-------- Exercise input --------
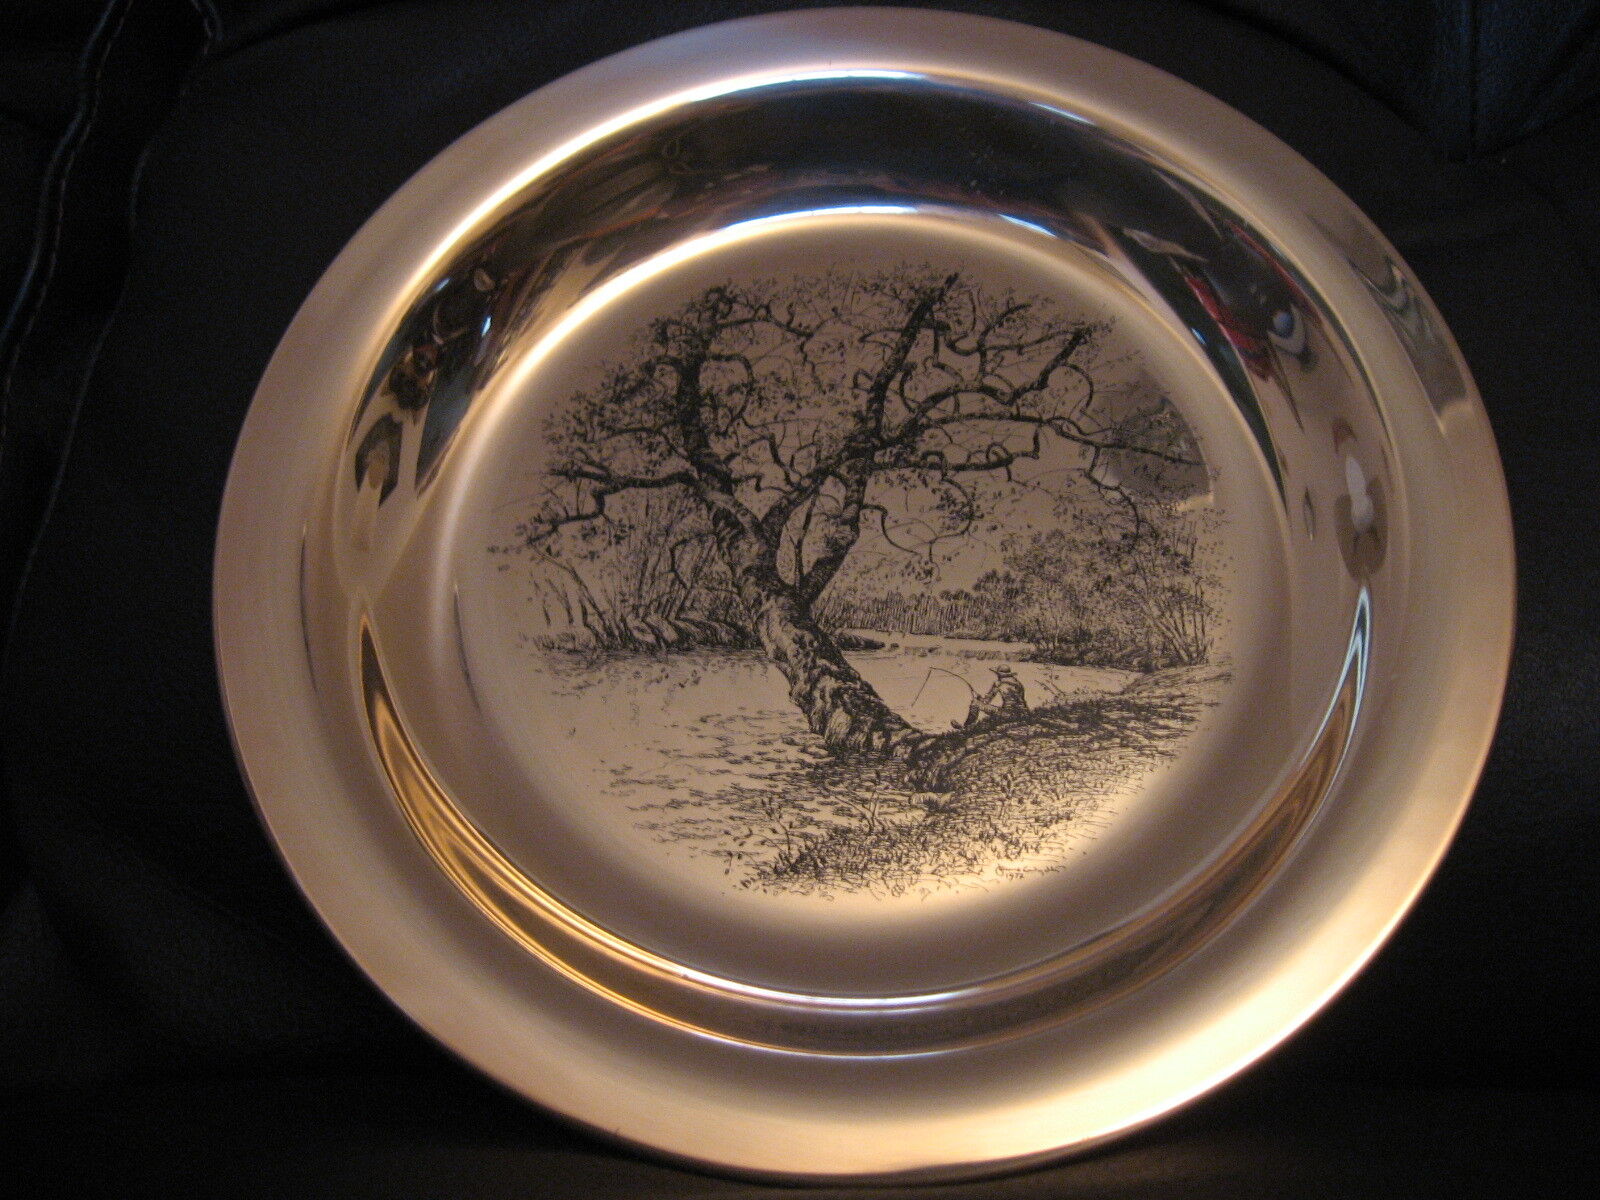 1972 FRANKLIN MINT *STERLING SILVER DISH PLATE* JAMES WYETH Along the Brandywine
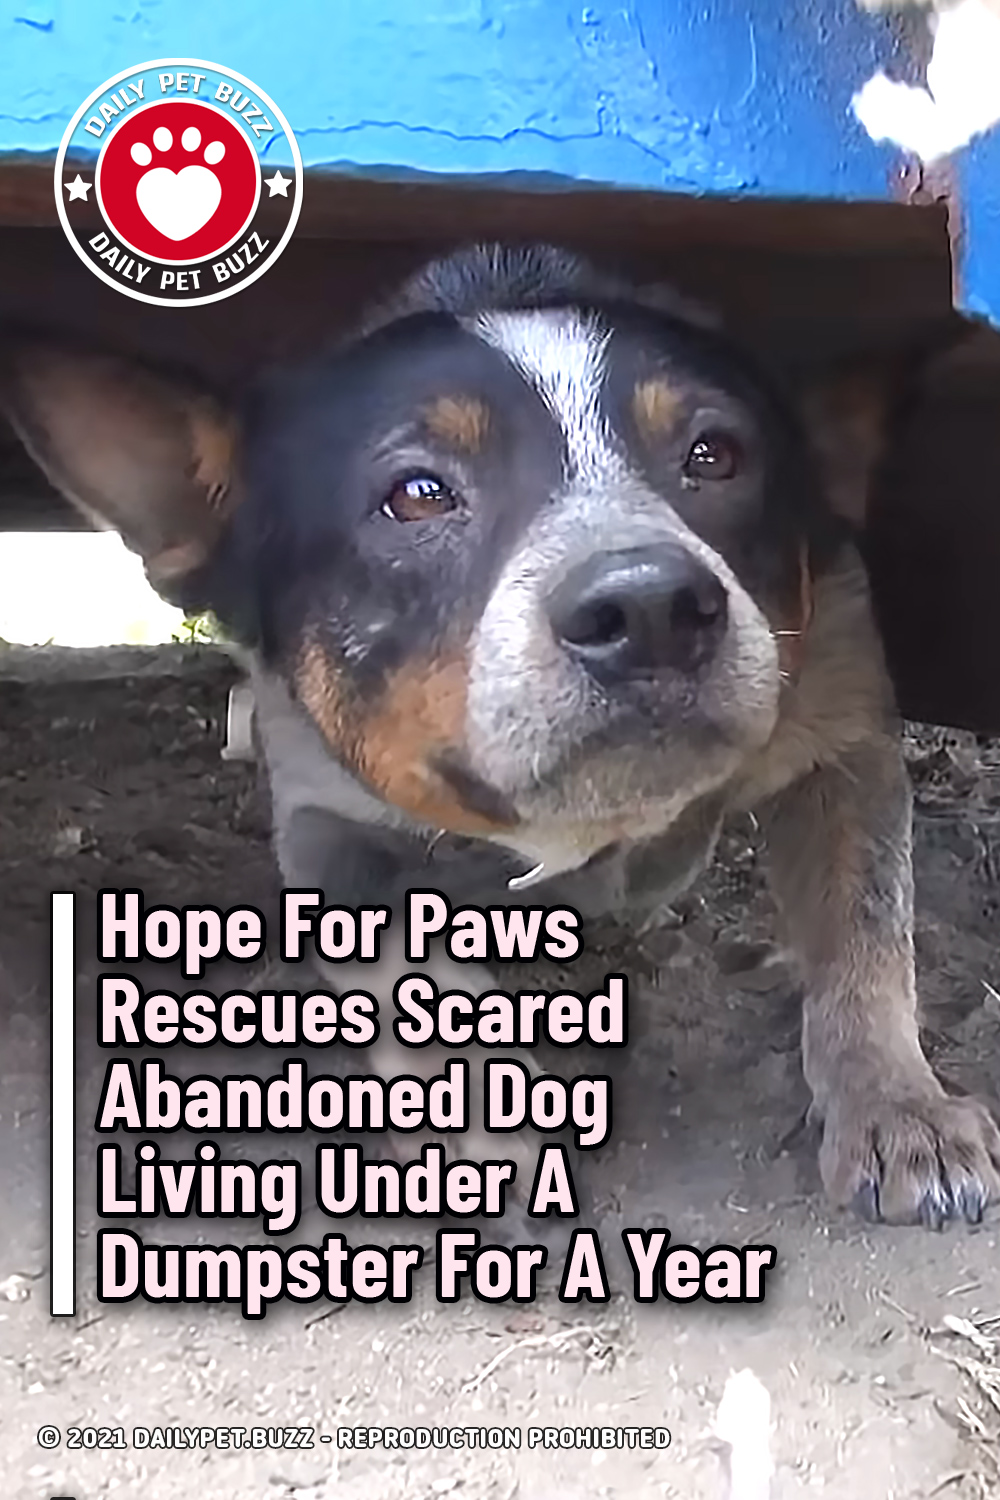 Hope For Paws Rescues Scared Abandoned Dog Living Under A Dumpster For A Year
--------
-------- Exercise input --------
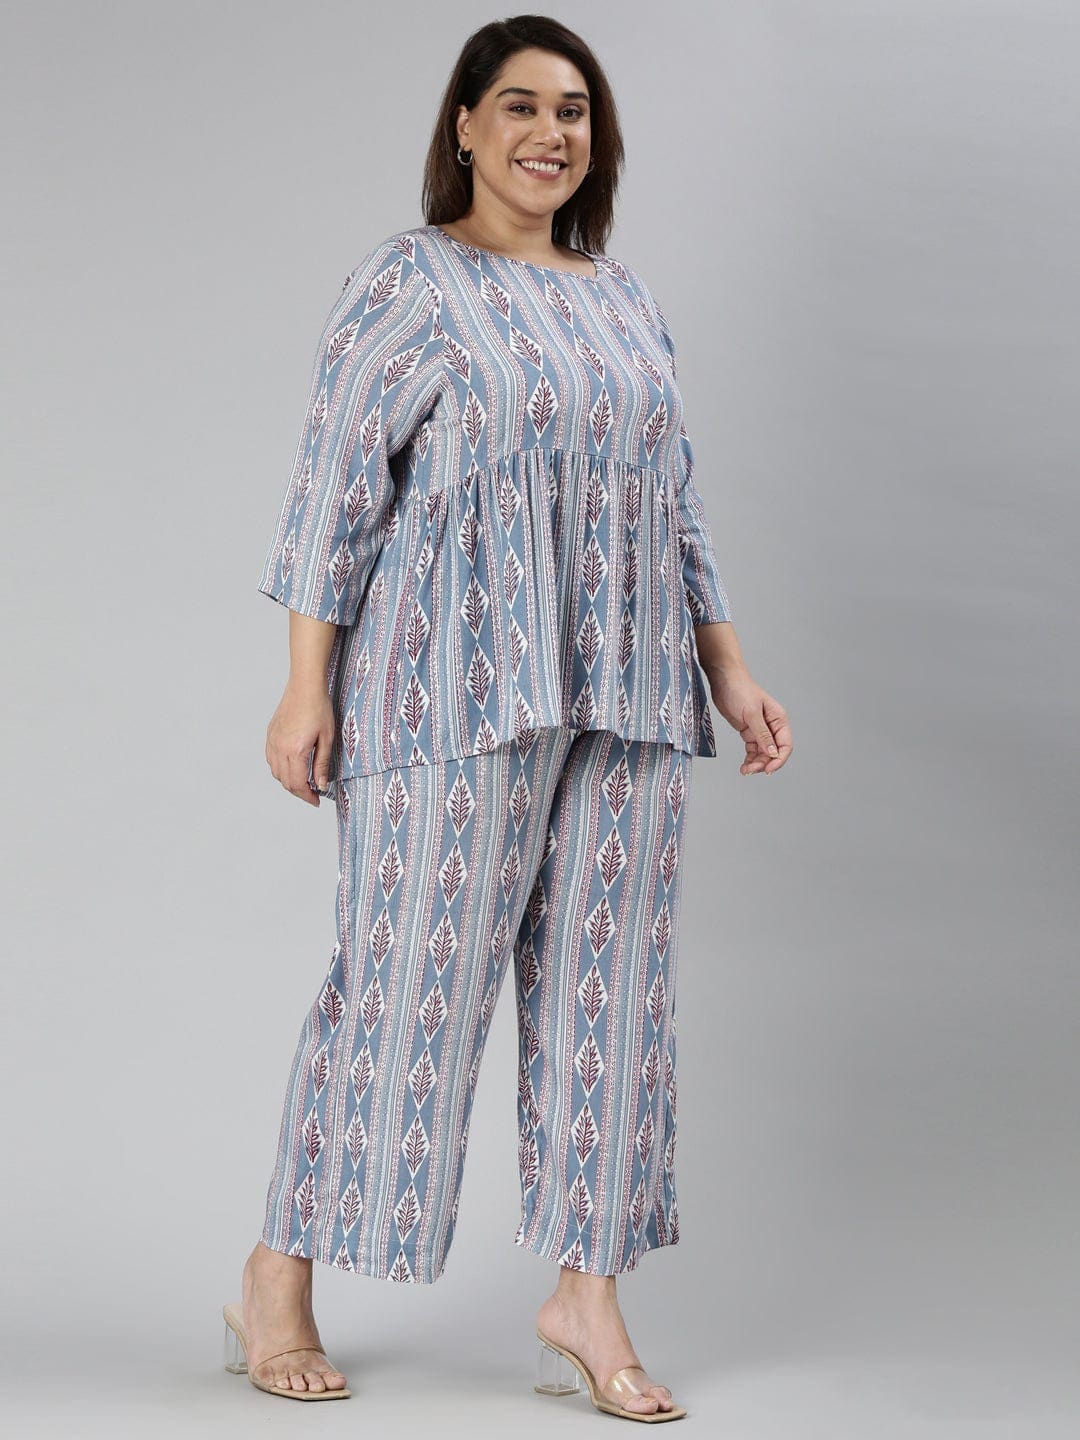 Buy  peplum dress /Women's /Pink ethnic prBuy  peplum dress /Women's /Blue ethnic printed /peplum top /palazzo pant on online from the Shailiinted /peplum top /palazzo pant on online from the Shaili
--------
-------- Exercise input --------
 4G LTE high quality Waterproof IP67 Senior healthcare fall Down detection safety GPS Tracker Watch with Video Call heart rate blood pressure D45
--------
* Exercise description
The lines to reproduce run from the one above containing "1972 FRANKLIN MINT" through the one containing "Hope For Paws". Copy them exactly and leave out all pictures.

* Result of the exercise
 1972 FRANKLIN MINT *STERLING SILVER DISH PLATE* JAMES WYETH Along the Brandywine
 Hope For Paws Rescues Scared Abandoned Dog Living Under A Dumpster For A Year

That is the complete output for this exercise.